Vorhandene Ressourcen nutzen
Baumaterial von der Erde auf den Mond zu transportieren, wäre allerdings äußerst aufwendig und kostspielig. Deshalb erforschen Wissenschaftler derzeit verschiedene Möglichkeiten, Ressourcen verwenden zu können, die schon auf dem Mond vorhanden sind. Das Team des von der European Space Agency (ESA) geförderten Projekts „PAVER“ lotet dabei aus, ob sich der problematische Mondstaub selbst in Baumaterial verwandeln lässt. Die Vision ist dabei, gebündeltes Sonnenlicht auf dem Mond als Hitzequelle zu nutzen, um Regolith zu einem Feststoff zu schmelzen, aus dem sich Bauelemente erzeugen lassen.

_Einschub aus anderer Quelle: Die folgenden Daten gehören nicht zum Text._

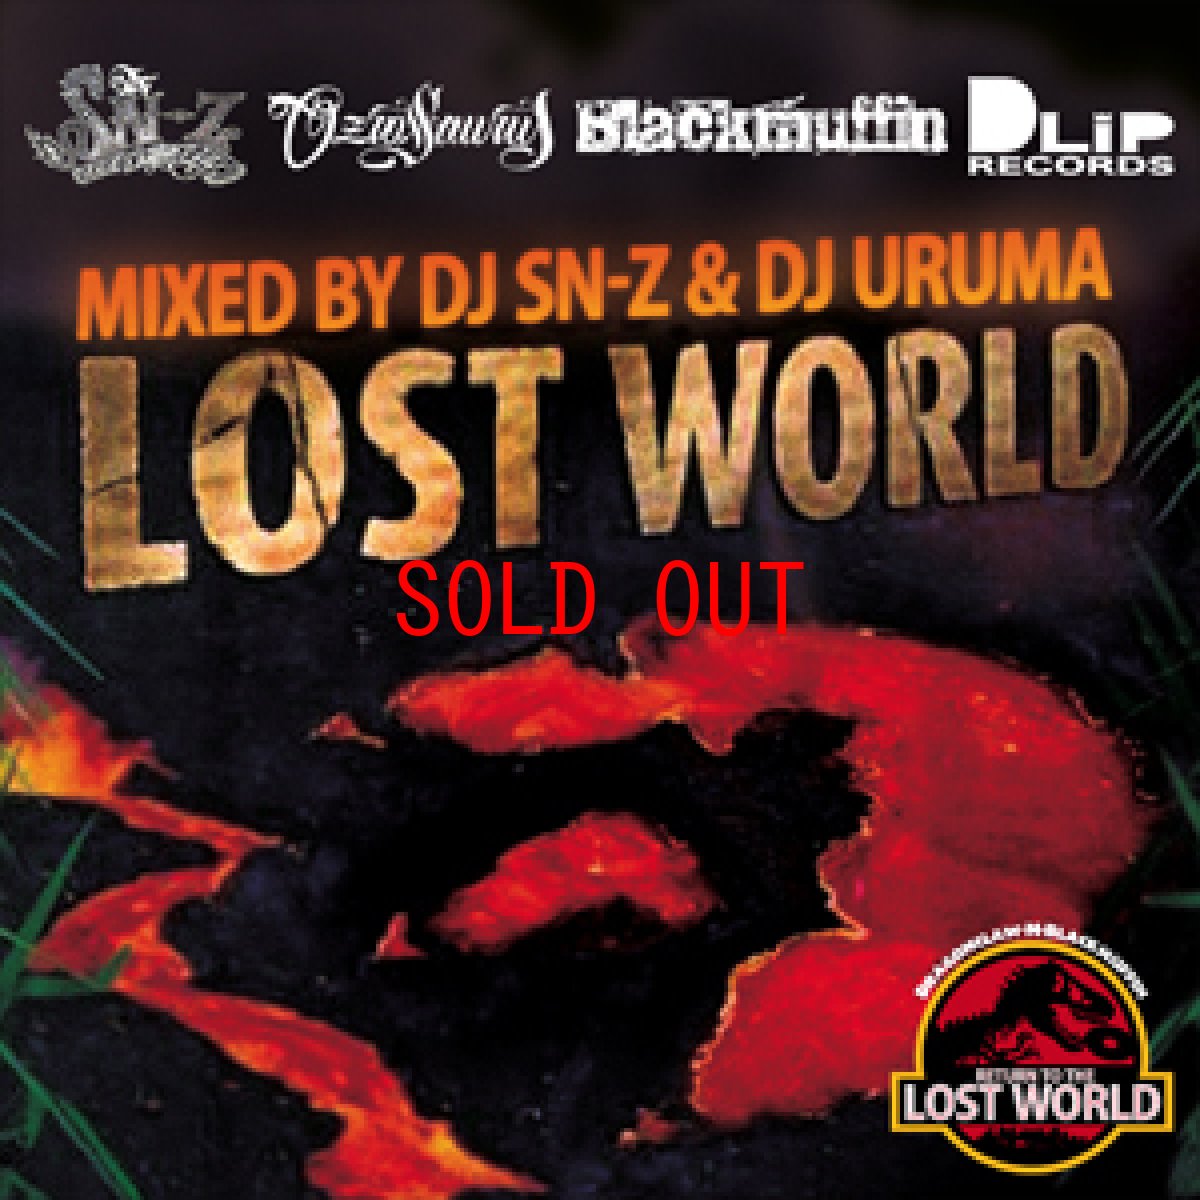 画像1: DJ URUMA & DJ SN-Z 『LOST WORLD』(2013) Dlip Records Mix CD ミックス ブラック マフィン ドリップ レコード (1)

Bei ihren Labor-Experimenten setzten die Wissenschaftler einen Laser ein, der ähnliche Kraft entwickelt, wie sie eine „Sonnenlicht-Lupe“ auf dem Mond leisten könnte. Mit dem Strahl behandelten sie dann Versuchsmaterial, dessen Zusammensetzung derjenigen von Mond-Regolith entspricht: Neben einer Reihe von weiteren Verbindungen besteht diese Substanz zum größten Teil aus dem Glas-Grundstoff Siliziumdioxid.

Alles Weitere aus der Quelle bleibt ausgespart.